A second reason was discussed in a Psychology Today article titled “How President Trump’s Lies Are Different From Other People’s” (2017). The author found that Trump’s lies were different than the norm:

I was right about Trump telling an especially big proportion of self-serving lies. Instead of telling twice as many self-serving lies as kind lies, he told 6.6 times as many.....

As it turned out, though, that was not the most interesting finding. As I read through Trump’s lies in the process of categorizing them, I realized I could not limit myself just to the categories of self-serving and kind lies. I had to add the category of cruel lies — lies that hurt or disparage or embarrass or belittle other people. In the research my colleagues and I did, we found that only 1 or 2 percent of all lies were cruel. That’s why I wasn’t going to bother with them when coding Trump’s lies....

Now let me tell you what I found when I tallied Trump’s cruel lies.
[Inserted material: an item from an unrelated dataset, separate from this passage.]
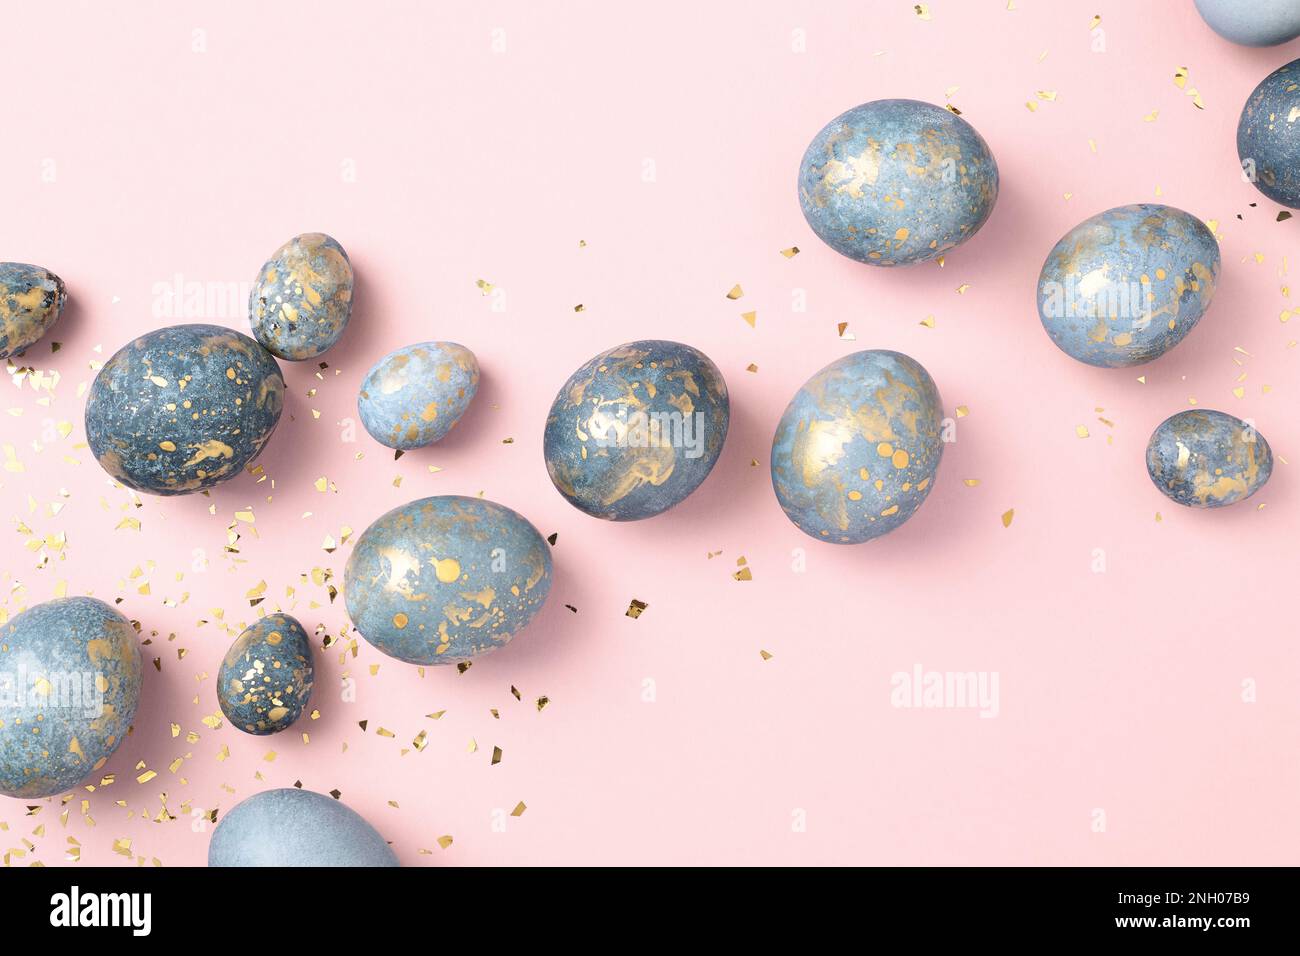 Huevos de Pascua azules sobre fondo rosa con confeti de oro. Tarjeta de felicitación chic de Pascua. Celebración de Pascua. Foto de stock

Instead of adding up to 1 or 2 percent, as in my previous research, they accounted for 50 percent. When I first saw that number appear on my screen, I gasped. I knew, of course, that Trump likes to mock and denigrate other people (and countries and agencies), but I didn’t realize just how often he was doing that with his lies.

This is interesting and, I think, accurate.  Why would this be? Part of the reason goes back to another point Hitler makes about propaganda in Mein Kampf.  He argues that the masses understand black and white, yes and no, not shades of gray.  Hitler says that once propaganda admits even the slightest possibility of right for the other side, the masses begin to waver in their support.  Trump presents his enemies not only as wrong, but as absolutely, completely, horribly wrong. When discussing the Devil’s workforce, it is not necessary to be polite.  They are so evil that anything one can say about them is not only accurate, but perhaps understated. As humans we have a tendency to like the “dirt” about others, and Trump is a master of insult. Trump’s world is one of absolute clarity, and he tells it to his followers as they would like it to be.

A third point is the sheer number of lies Trump tells.  Politicians who lie or mistake facts at the normal rate can be held accountable for what they say.   Take, for example, President Obama’s famous statement that if people were happy with their doctors they could keep them. That turned out not to be entirely accurate, although it was true for many. That statement was held against Obama over and over again.  Trump, on the other hand, says so many demonstrably false things that a kind of exhaustion sets in.  What is the point of refuting one lie when in the meanwhile twenty others have surfaced? And, of course, it is far easier to lie than refute a lie.  

In short, I think Trump has developed the art of the “little lie” to a hitherto unseen extent.